The lecture took place on Monday, April 23 in the Student Union Theatre for students to learn about why it is important to remember the Holocaust.
Having gone to the 22nd Annual Summer Holocaust and Jewish Civilization Institute to gather information about the Holocaust, Instructor of History Dr. Craig Saucier spoke on the importance of not denying the Holocaust like many have tried to do throughout the years since.
“Yom Hashoah is a Jewish holiday that commerates the memory of those who perished, so it is directly related,” said Saucier. “What I do is I talk about Holocaust denial because what Holocaust denial does is to undermine the memory of those people, and what I was saying at the end is a quote, ‘By denying the Holocaust, we kill these people for a second time,’ and our job is to remember so that this won’t happen again.”
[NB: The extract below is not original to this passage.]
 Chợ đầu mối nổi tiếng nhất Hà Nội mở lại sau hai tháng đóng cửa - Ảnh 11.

Saucier explained that what the deniers or revisionist were trying to accomplish in their attempt to discredit the Holocaust “was an assault on history” and why people should care about the impact deniers have had.
“Lots of these people have advance academic degrees,” said Saucier. “Lots of these guys possess an authoritative command of historical facts and detail related to the Holocaust. The movement is dangerous precisely because these guys, these people, endeavored to rewrite history for personal and political objectives to justify and to rationalize their political ideology.”
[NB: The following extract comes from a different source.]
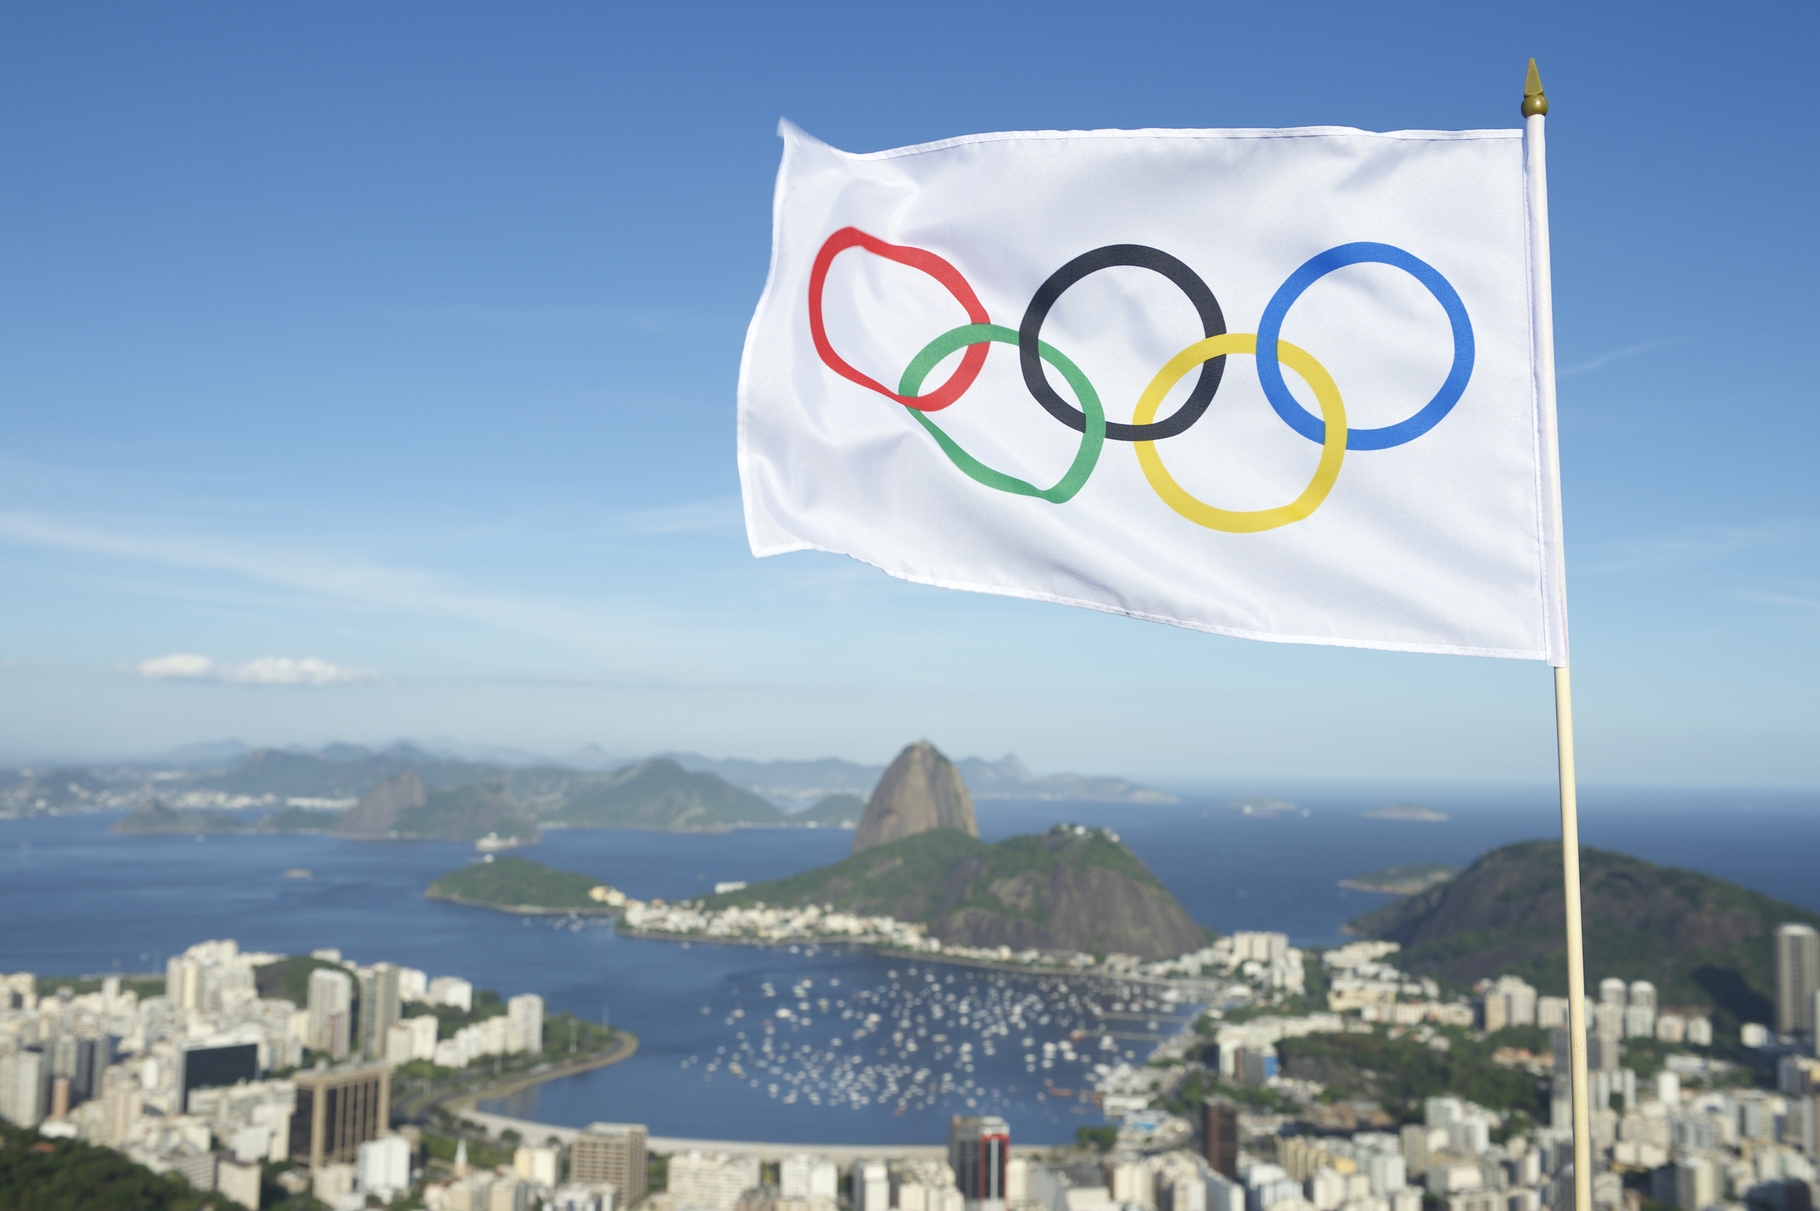 Google espère bien profiter de l’effet des Jeux olympiques de Rio pour mettre en avant ses services en ligne et applications mobiles et rafler au passage une grosse part des revenus publicitaires numériques générés par cet évènement planétaire. © Lazyllama, Shutterstock

Revisionists, which confers an academic sense of legitimacy, sounding more respectable is why deniers went by this title instead of deniers. The Institute for Historical Review and the Journal of Historical Review were both designed to sound academically legitimate to help the deniers’ cause. They were later discredited by the American Historical Association.
“In the beginning of the '90s, deniers did become a lot more successful in becoming more and more visible in getting their message out there,” said Saucier. “They were appearing on TV talk shows in the middle of the afternoon. They were putting advertisements in college newspapers, and that was stirring up a tremendous amount of controversy and comment and debate on college campuses.”
Saucier discussed the findings of a report on the lack of knowledge among Americans regarding the Holocaust.
"One-third of all Americans in general and 41 percent of millennials believe that the number of Jews who were killed during the Holocaust was quote, ‘substantially less than 6 million,'" said Saucier. "The number they believe is about 2 million. Furthermore, the second key finding, the report also revealed that approximately 41 percent of all Americans in general and 66 percent of millennials have no idea what Auschwitz was.”
A new course offered by the university history and political science department will be available for enrollment beginning in the fall 2019 semester to educate students on the Holocaust.